# Busy in the Shop



## GoonMan (Mar 22, 2005)

Well here is some pics of what I have been up to. I have made 3 table tops in 3 different days. The 2 small ones are for a End Table I am making and the large one is for the Top of an Entertainment Center. The wood is all free. Mostly White Oak, RedOak and Ash from what I can tell. These are also to go with the Coffee Table that is already built on the left. I am going to fill the holes, resand and use a Ebony Stain wash then go with a full strength Ebony stain and Clear Watco Danish Oil. I talked the couple into staining instead of Painting.

I just wanted to share because these are the only 4 table top glue ups I have ever done and to let anyone else that has ever thought about using a Reversible glue joint bit to do so they work great. The one that is clamped up is 42"X27" and I decided to try something different, also it let me cut out alot of bad spots in the Pallet wood.

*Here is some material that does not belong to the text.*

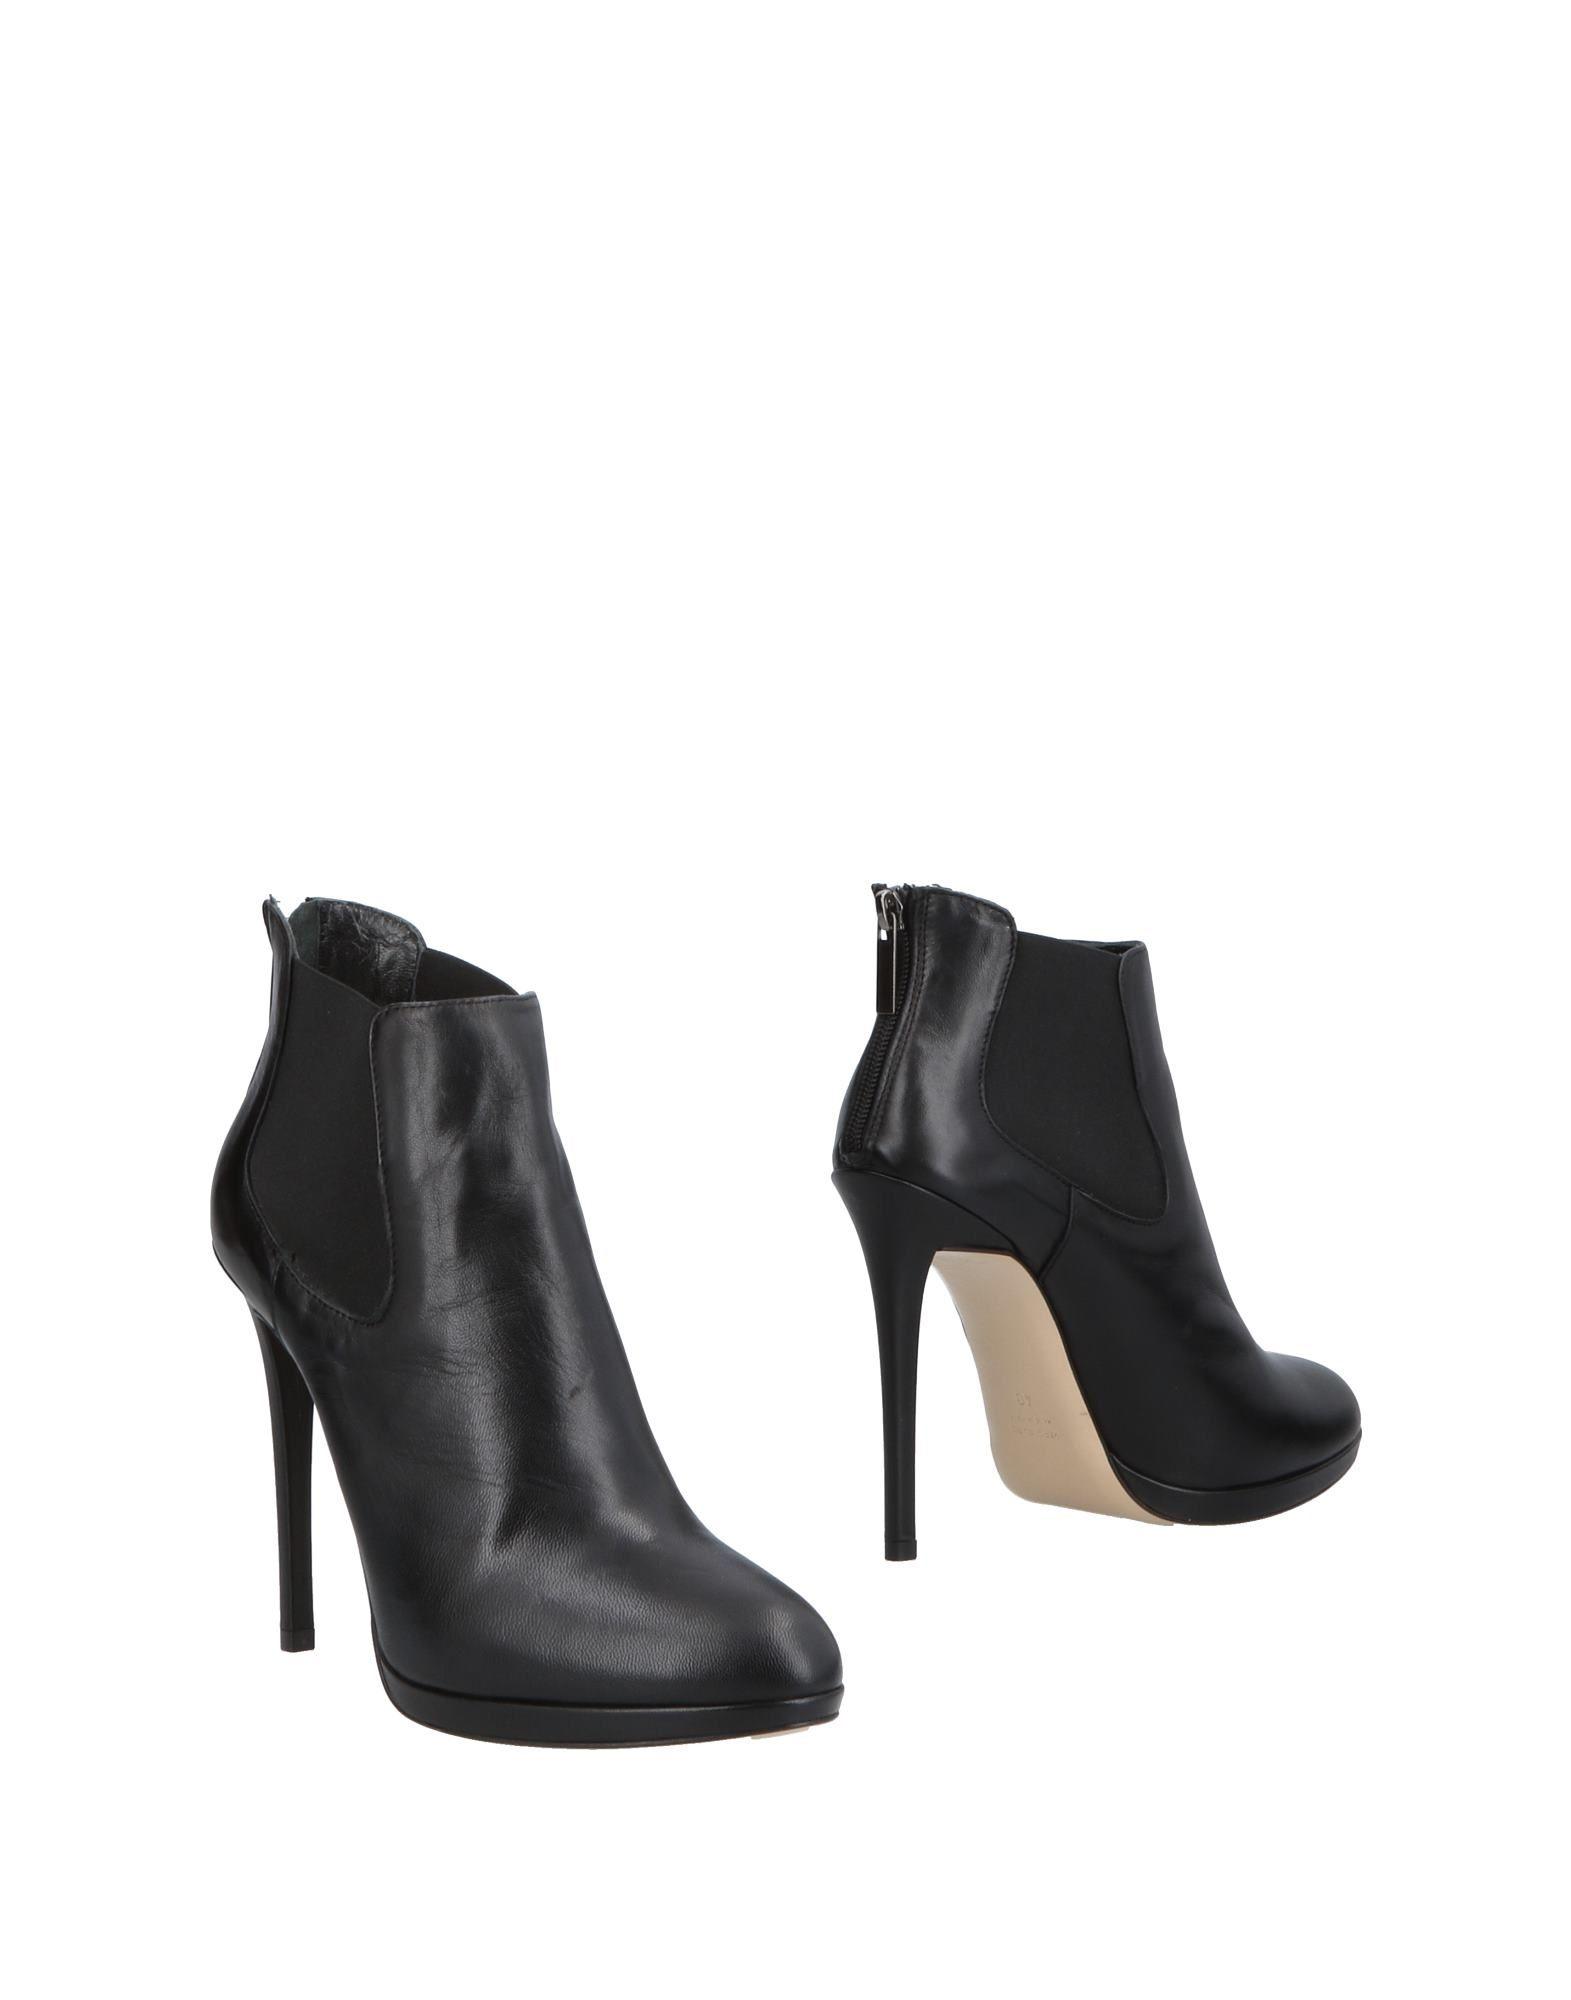 Giampaolo Viozzi Stiefelette Damen  11506747LJ Gute Qualität beliebte Schuhe
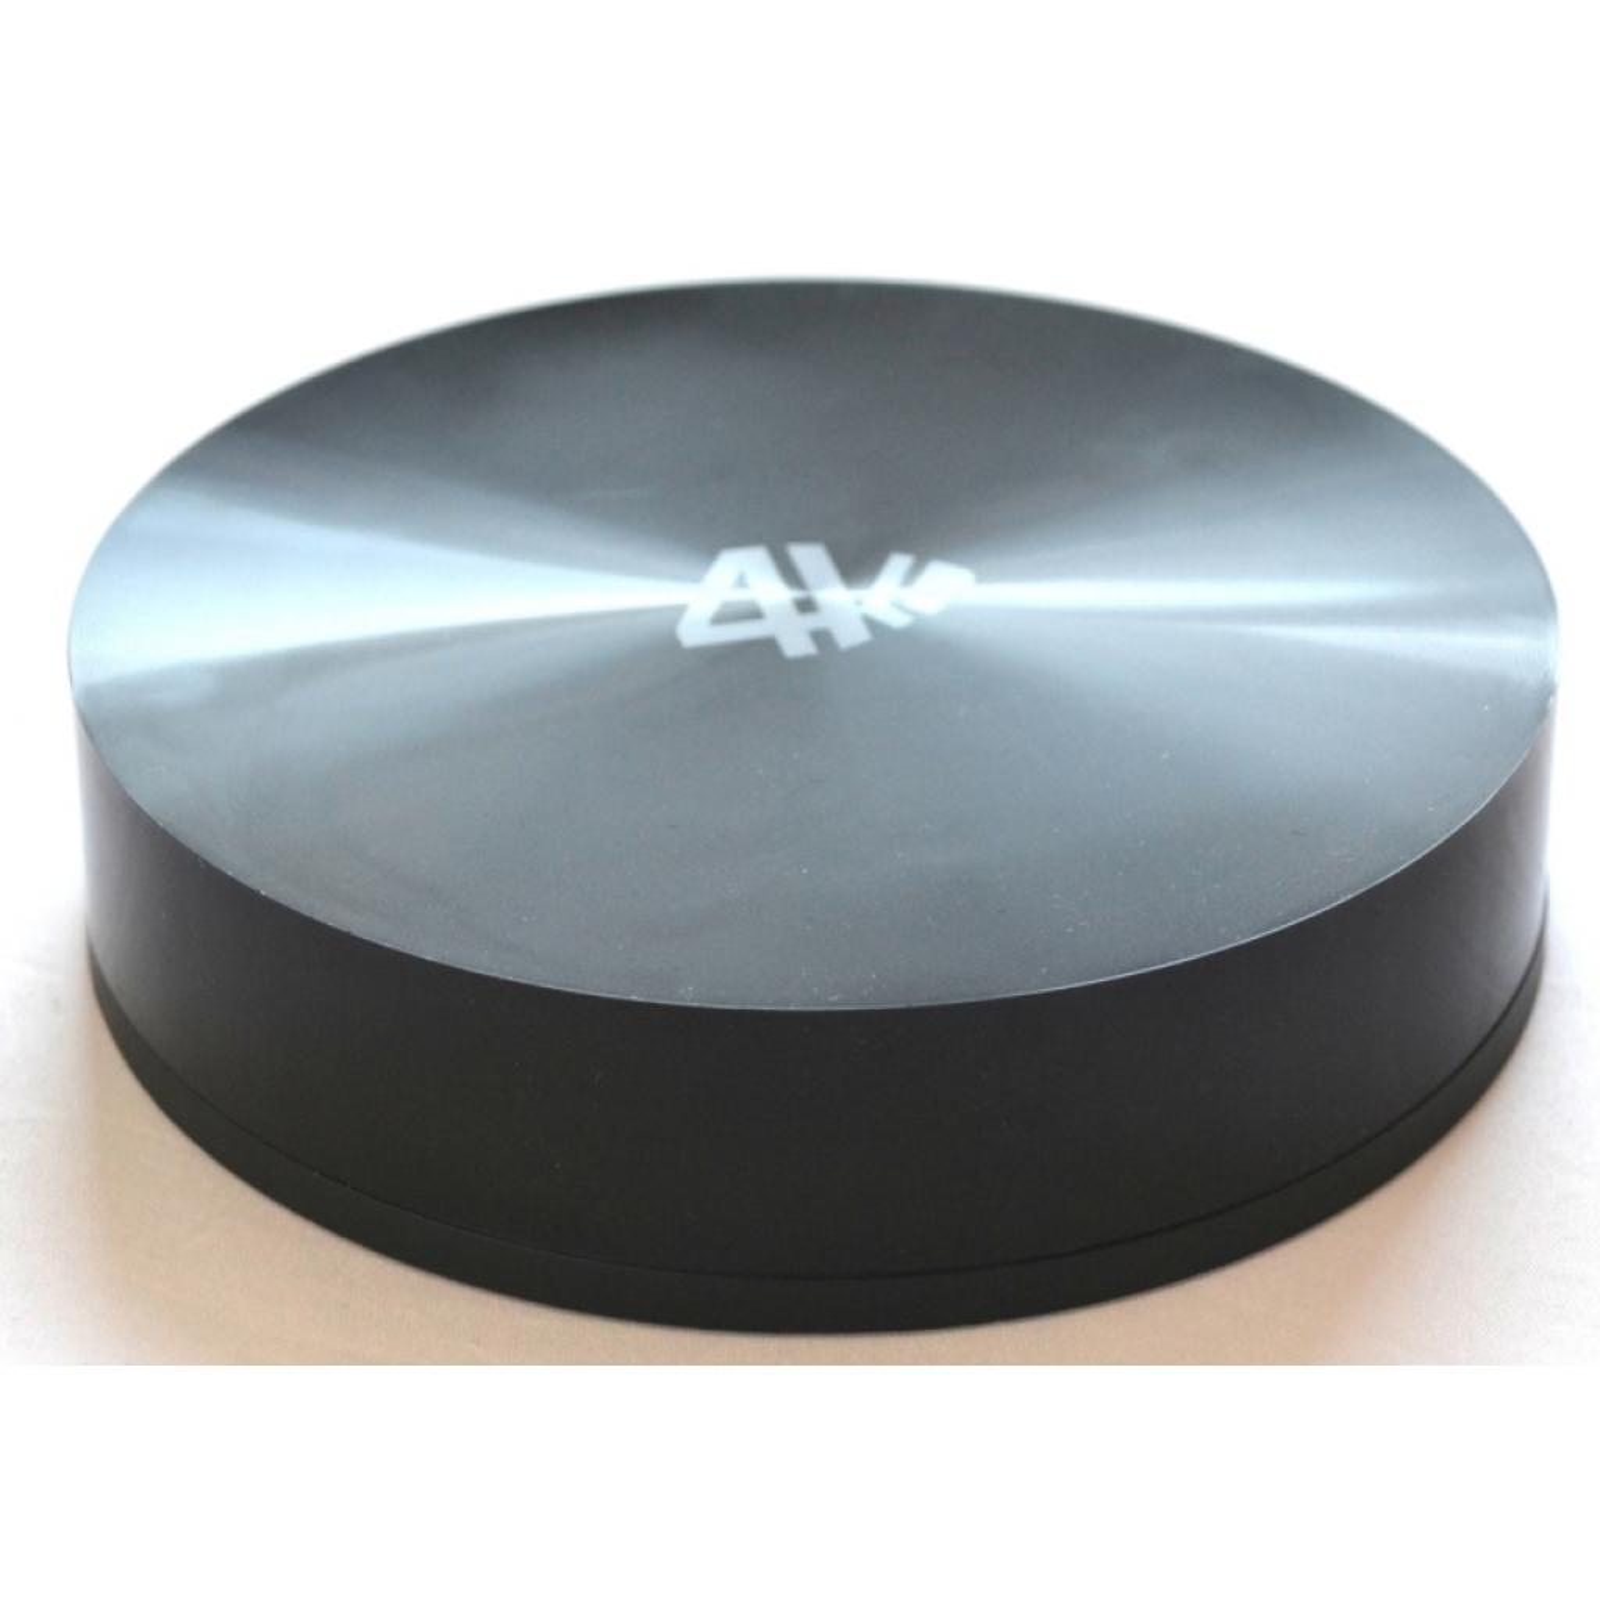 Медиаплеер Alfacore Smart TV Round изображение 3

_I told the couple that I am building these for that after I get these built and the wood will bow and twist after they get it home. It was only meat as a joke. Gee I hope not.   LOL_


----------



## cranbrook2 (Nov 7, 2005)

Very nice table. i always liked the look of old nail holes. it adds a lot of character. the grain of the wood is also beautiful. great job. it is nice to see recycling too.


----------



## Mark (Aug 4, 2004)

Those look like some really nice table tops randy. In fact, I think they'd look great in my room


----------



## GoonMan (Mar 22, 2005)

LOL yep they would Mark, but the only problem is that you do not live in my area and I walked into the shop this morning and one of the small tops had bowed up on me. So now I am trying to get it to straighten back out. I think I know what caused it to but but not 100% sure. I think it had to do with what I had it setting on and we had a drastic weather change yesterday.


----------